No hay un tiempo establecido. Depende de cada persona y del lazo de dependencia. Es un proceso lento y progresivo. Se consigue en el momento en el que podamos mirar atrás y ser capaces de recordar esos momentos sin pena y dolor, sino como una etapa de una historia compartida.

¿Qué debo hacer?

Es importante tener tiempo para pensar, para estar solo. Habrá gente que deseará compartir su experiencia y habrá gente que no. Cada uno se expresa de manera diferente. Podemos planificar nuestro día a día. Puede que sirva para tener ocupado el tiempo sin olvidar que debemos prestarnos atención.

Sugerencias familiares

En estos casos es importante que los familiares NO utilicen:

– Cortar la expresión de sentimiento. Por ejemplo: anímate.

– No decir lo que debe hacer o sentir. Por ejemplo: yo estaría…

– Evitar frases hechas. Por ejemplo: es ley de vida.

– Evitar que exprese lo que siente.

– No establecer límites y plazos.

– No temer nombrar a la persona fallecida.

En cambio lo que sí debemos hacer:

– Estar disponibles para ellos. Normalizar la situación.

– Sugerencias para la persona que padece la pérdida.

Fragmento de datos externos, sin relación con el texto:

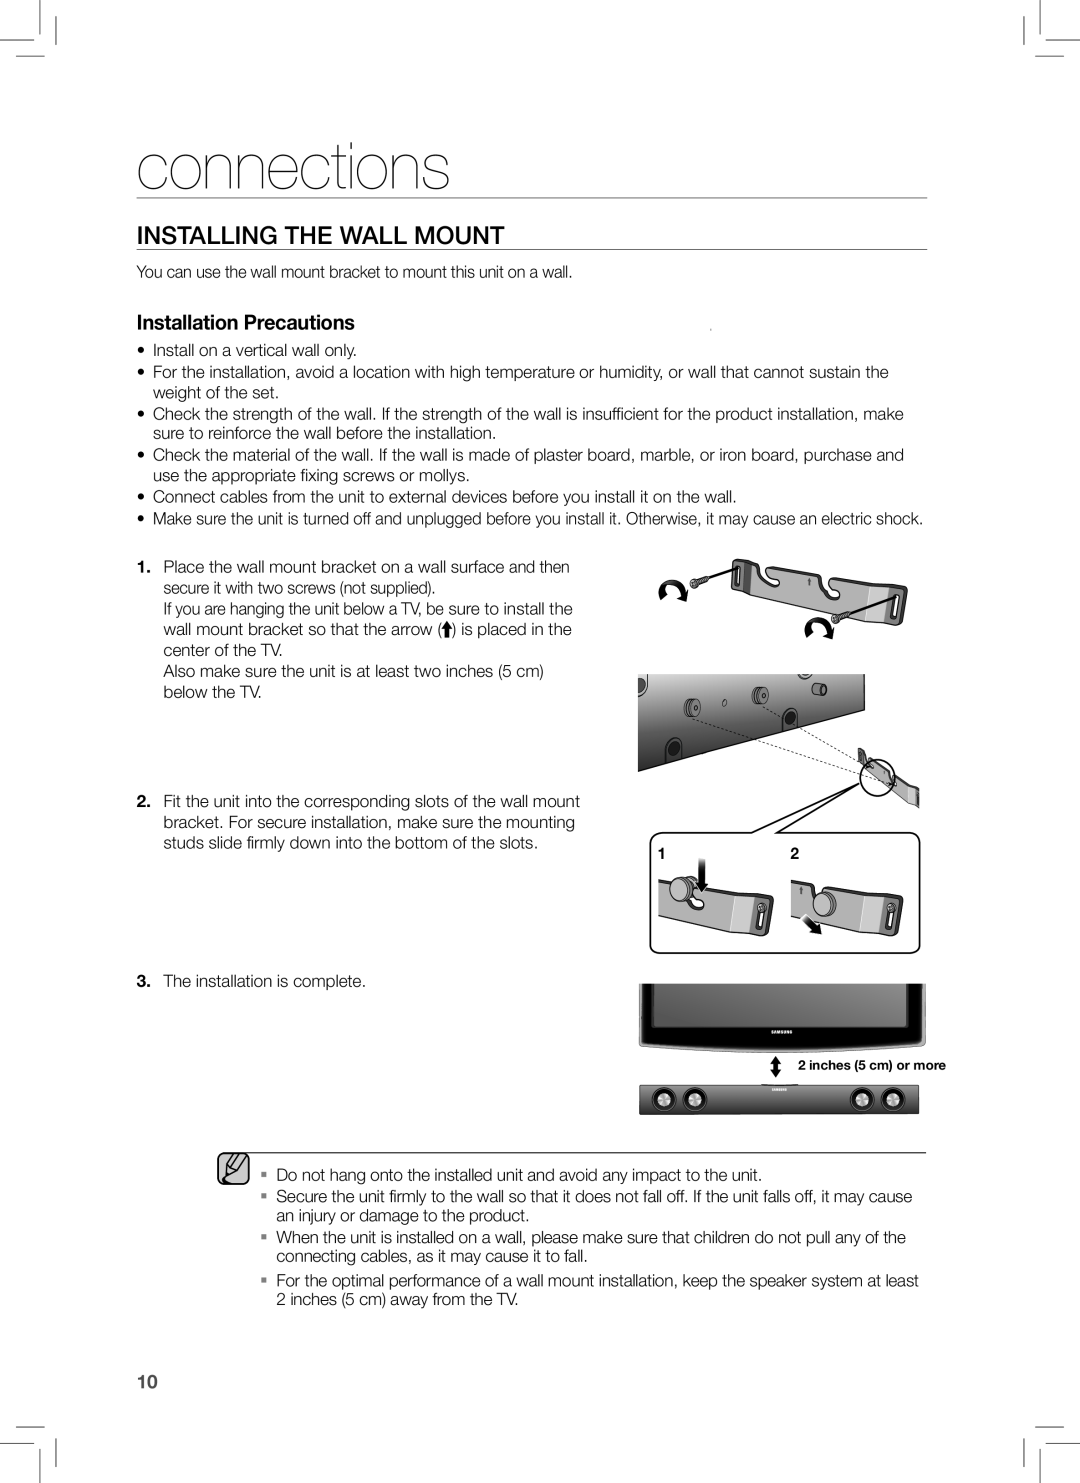 Samsung HW-E350 user manual connections, Installing The Wall Mount, Installation Precautions 
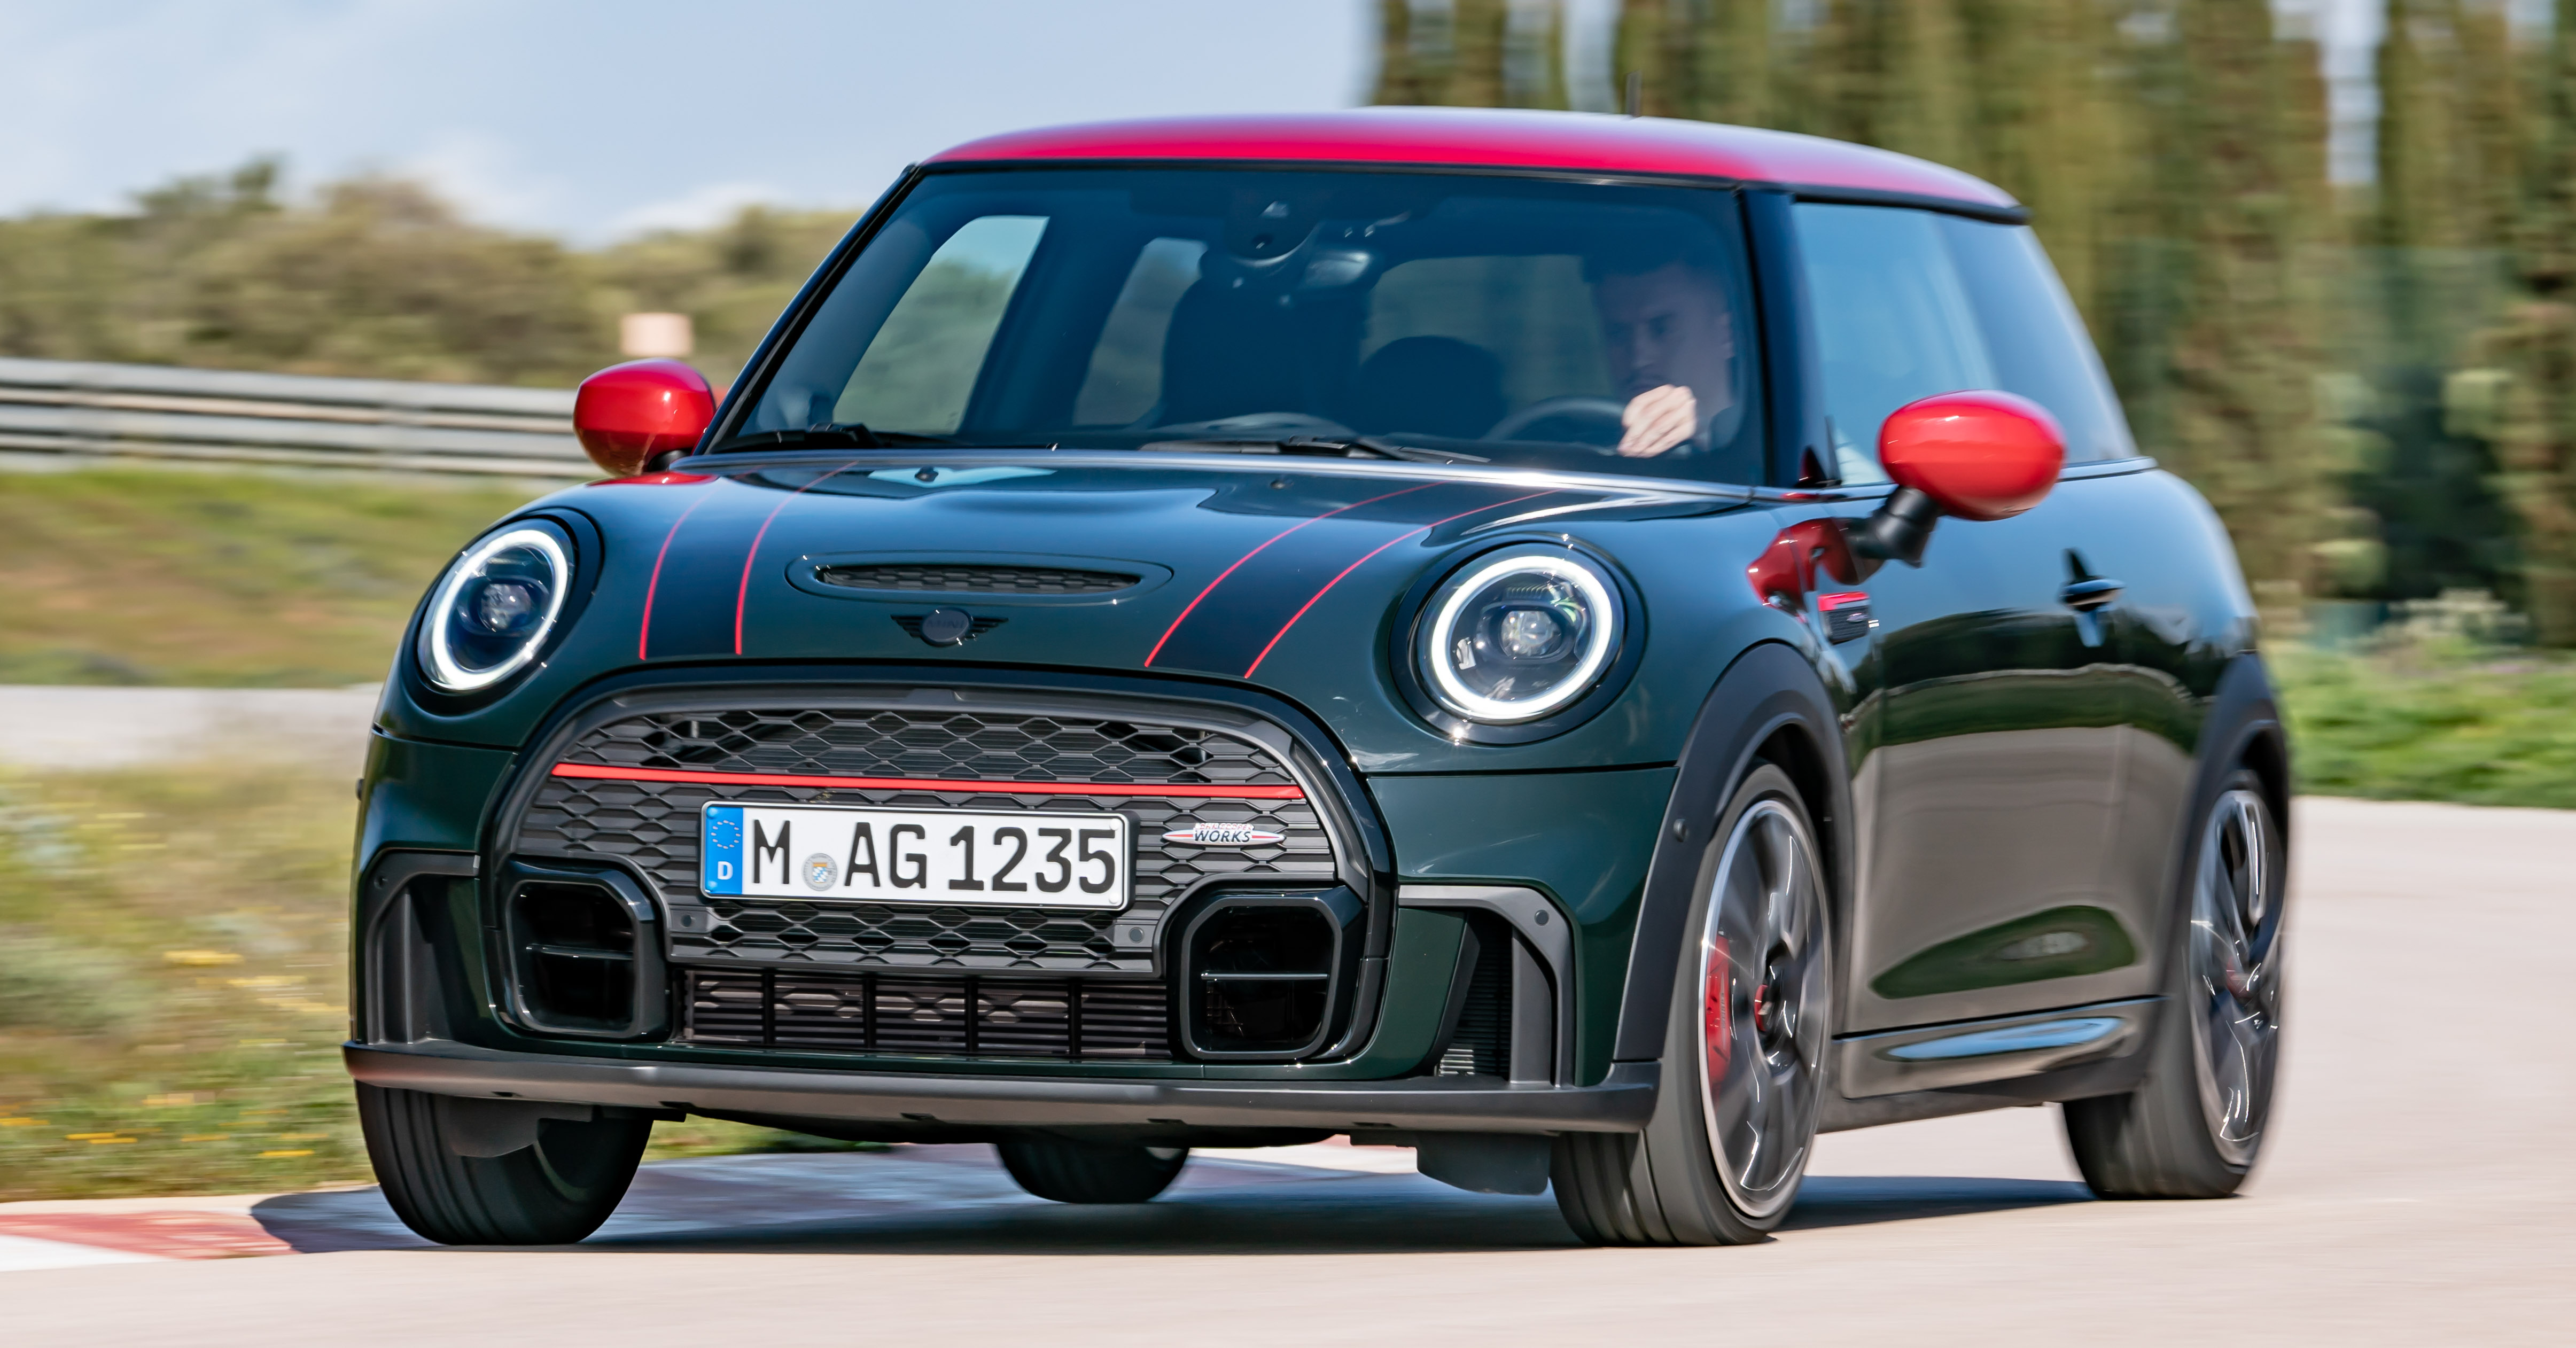 2021 Mini John Cooper Works 3 Door Facelift Launched In Malaysia – Second  F56 Lci With 231 Ps, Rm303K - Paultan.Org

– Obsérvate e indaga en tu interior qué necesita tu espíritu en todo momento. Si necesitas soledad o compañía no dudes en atenderte.

– Utiliza un diario. A partir de ahora será tu amigo y compañero. Escribe todos los días. Puedes hacerlo al levantarse o al acostarte. Preferiblemente a la hora de ir a la cama. No dejes que nadie lo lea. Es privado y personal.

– Ten cuidado a la hora de juzgarte, sé benevolente. Utiliza lenguaje formulado de manera positiva.

– Evita la negación. Tu mente no reconoce entre un “sí” y un “no”.

– Equilibra su campo energético. Cada persona se energetiza de una manera distinta. Busca tu forma. Pj. unos lo hacen meditando, otros con Yoga, otros a través de las artes marciales, otros paseando… ¿Cuál es la tuya?

Y, por supuesto, y la más importante de todas, haz hipnosis con un especialista para viajar al alma de la curación. A nuestro ser interior.

Complicaciones

El proceso de duelo requiere que la persona dé pequeños pasos. Es un camino lleno de tareas. En ocasiones la atención y el apoyo del entorno son suficientes, pero acompañar no siempre es fácil. Muchas veces ni el propio sujeto sabe lo que quiere y el apoyo que recibe distancia más las relaciones haciéndolas más complicadas, tensas, frías o distantes.

Cuando nos sentimos solos e incomprendidos, es importante buscar un especialista en procesos de acompañamiento es importante.

Recordemos que el proceso normal tiene una duración limitada, cuando se extiende en el tiempo, es síntoma de duelo crónico.

Un duelo crónico es cuando la persona no ha sido capaz de desvincularse del fallecido. Y un duelo reprimido, es cuando la persona no ha expresado la pena y rehace su vida inmediatamente.

Este duelo crónico a lo largo de los años se puede manifestar físicamente. Para ello habría que realizar un protocolo.

“El dolor que no habla, cierra el corazón sobreexcitado y le hace romperse”, Shakespeare en su obra Macbeth.